Help: Planck Scale and Fine Structure Constant

[1Truthseeker]

Could someone explain the relationship between the FSC and the Planck Scale? What are they in relation to each other. I know what the Planck Scale is, and I even have a loose understanding of the FSC, but what of them in contrast and comparison? And how does the FSC affect QM, if at all?

Thanks!

-Truth

PS - my apologies, it should read "Planck Constant"!

 

[Bob S]

I am not sure I understand your question. One of the beauties of the fine structure constant is that it is unitless, i.e., independent of any scale or system of units.
Bob S

 

[1Truthseeker]

Both describe the very very tiny. I would like to know the difference between them. And how they are related, if at all?

 

[diazona]

\alpha = \frac{e^2}{\hbar c\,4\pi\epsilon_0}
That's the relationship... both of them are numbers that keep popping up in important physics formulas. They're universal constants. I'm not really sure what else you're after.

 

[1Truthseeker]

\alpha = \frac{e^2}{\hbar c\,4\pi\epsilon_0}
That's the relationship... both of them are numbers that keep popping up in important physics formulas. They're universal constants.
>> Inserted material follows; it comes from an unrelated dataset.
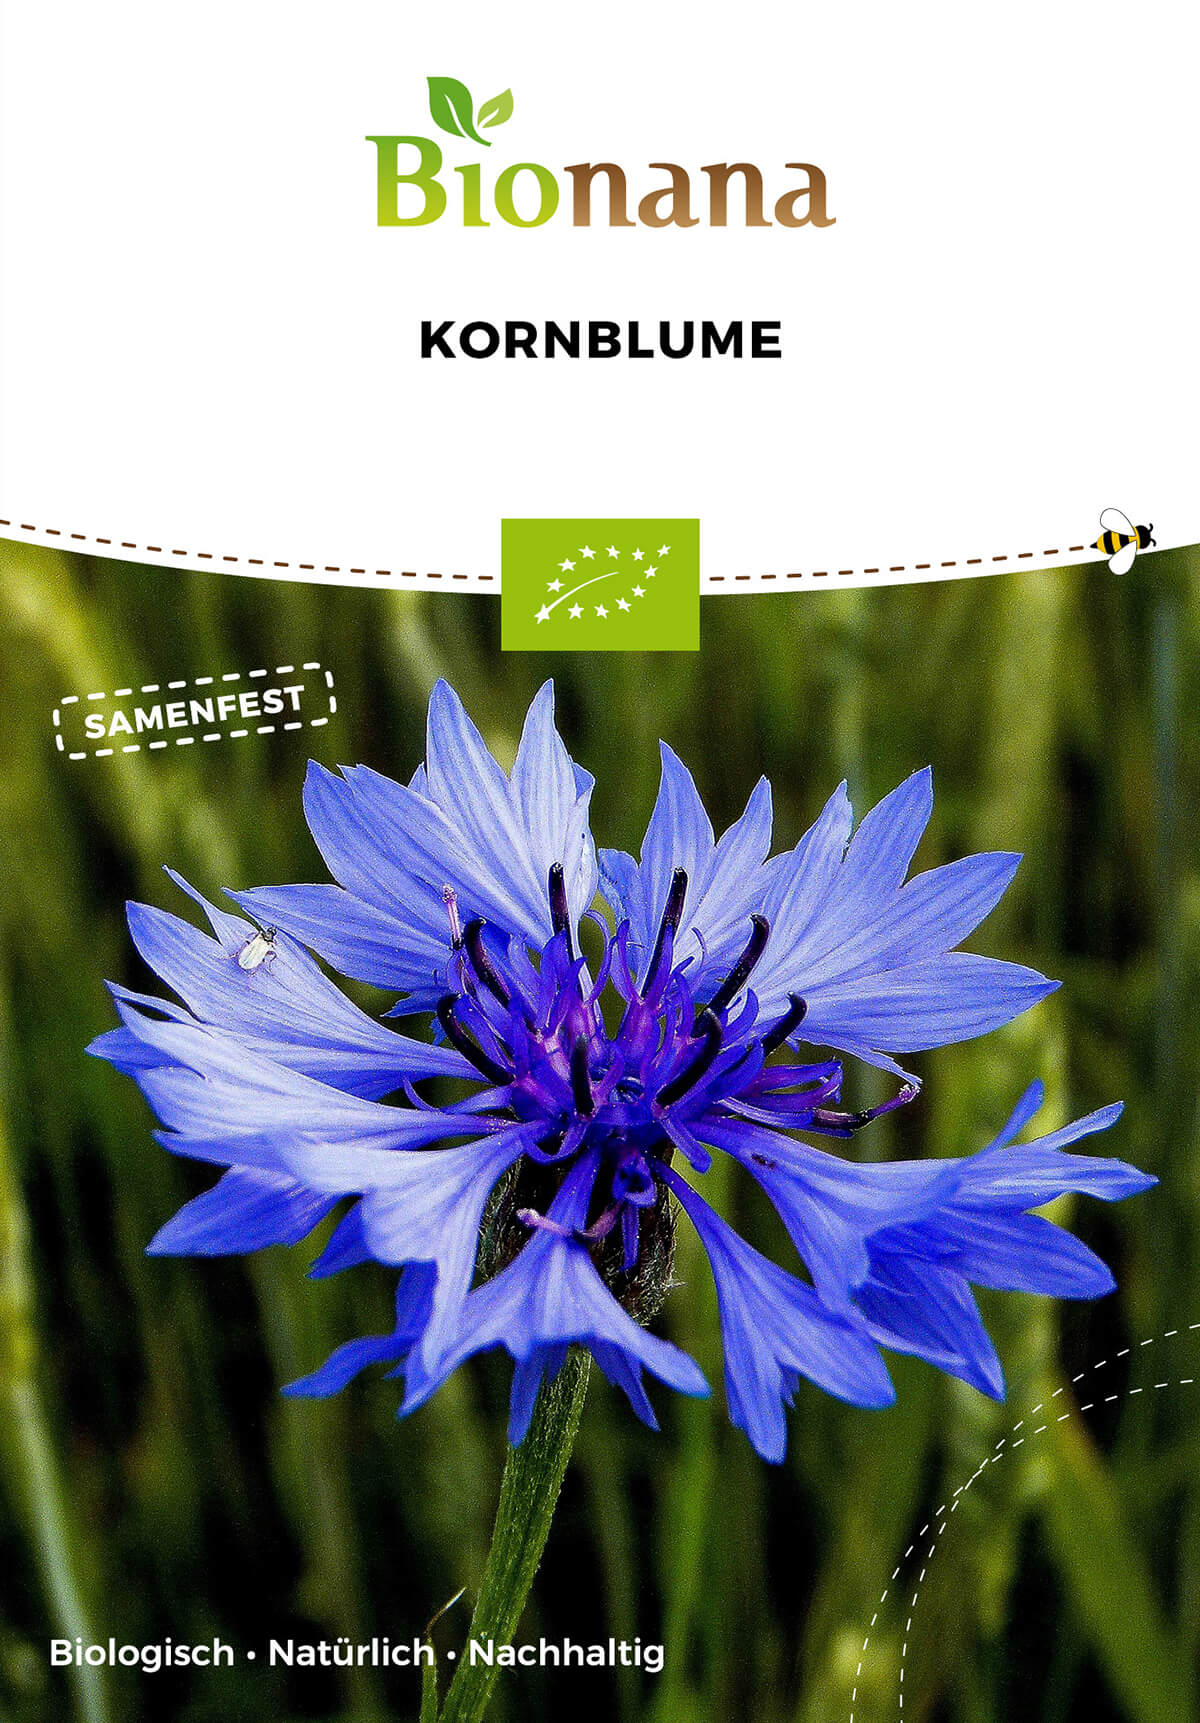 Kornblume | BIO Kornblumensamen von Bionana

I'm not really sure what else you're after.

Why is the reduced Planck constant inversely proportional to the fine structure constant?

 

[Bob S]

Why is the reduced Planck constant inversely proportional to the fine structure constant?

The reduced Planck constant is given by

h-bar = e²/(4πε₀cα).

So the reduced Planck constant is scale dependent on a lot of factors, excluding only 4, π, and α, which are scale independent (unitless).
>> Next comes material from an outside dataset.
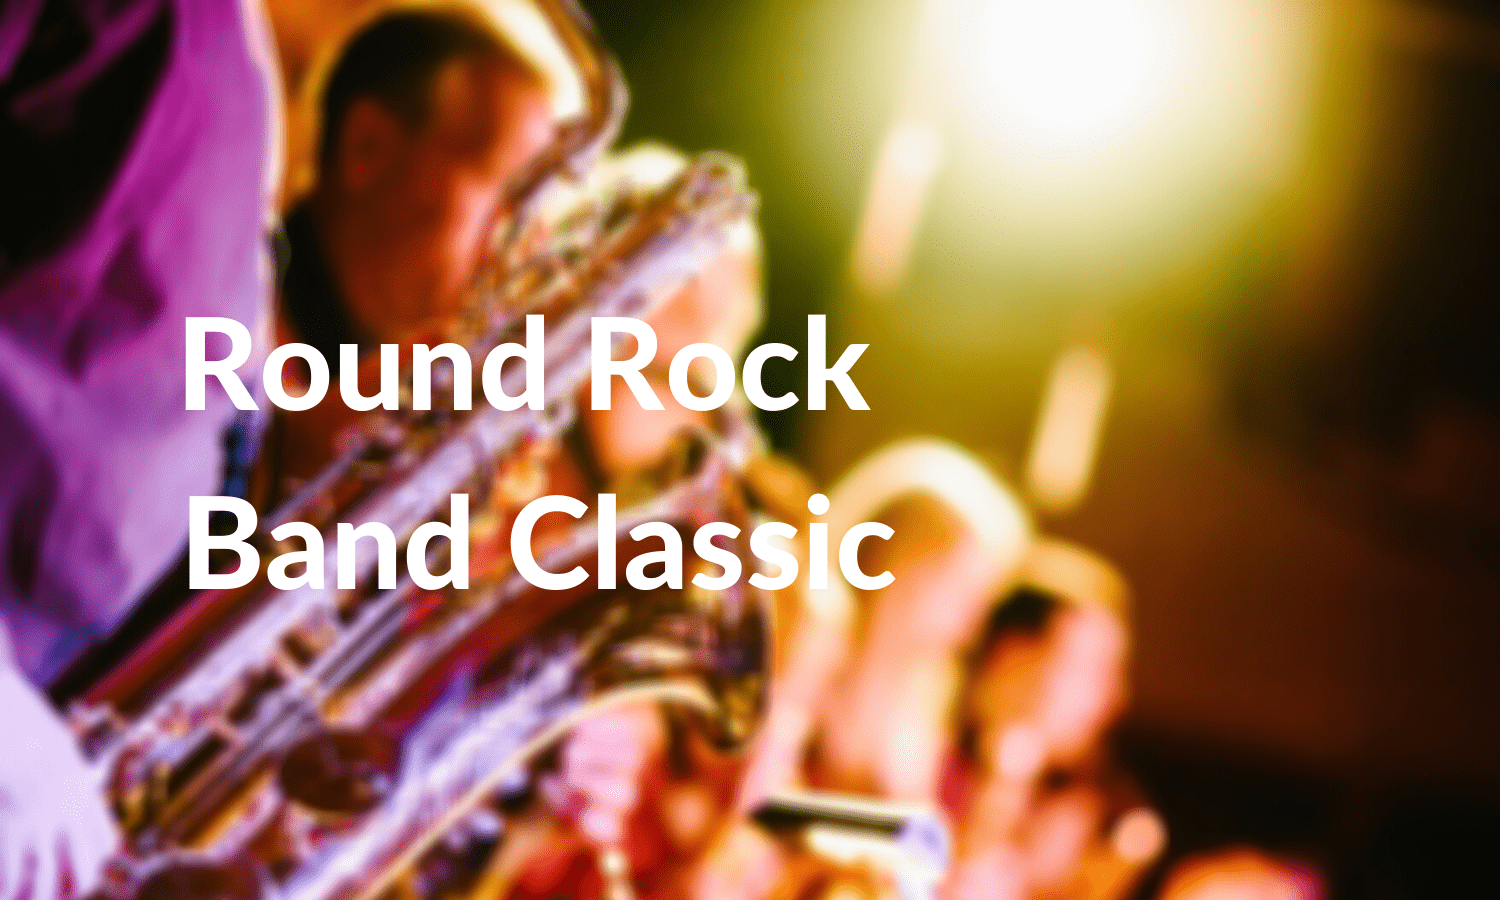 Round Rock Band Classic Success

A better question is why does the reduced Planck constant depend quadratically on the fine strucure constant in

h-bar = m_ec²α²/(2cR)

where m_ec² is the electron mass and R is the Rydberg constant.

Most fundamental is the ratio of the Rydberg energy R_E = 13.606 eV to the electron mass:

R_E//m_ec² = α²/2 which is unitless and therefore scale independent.

Bob S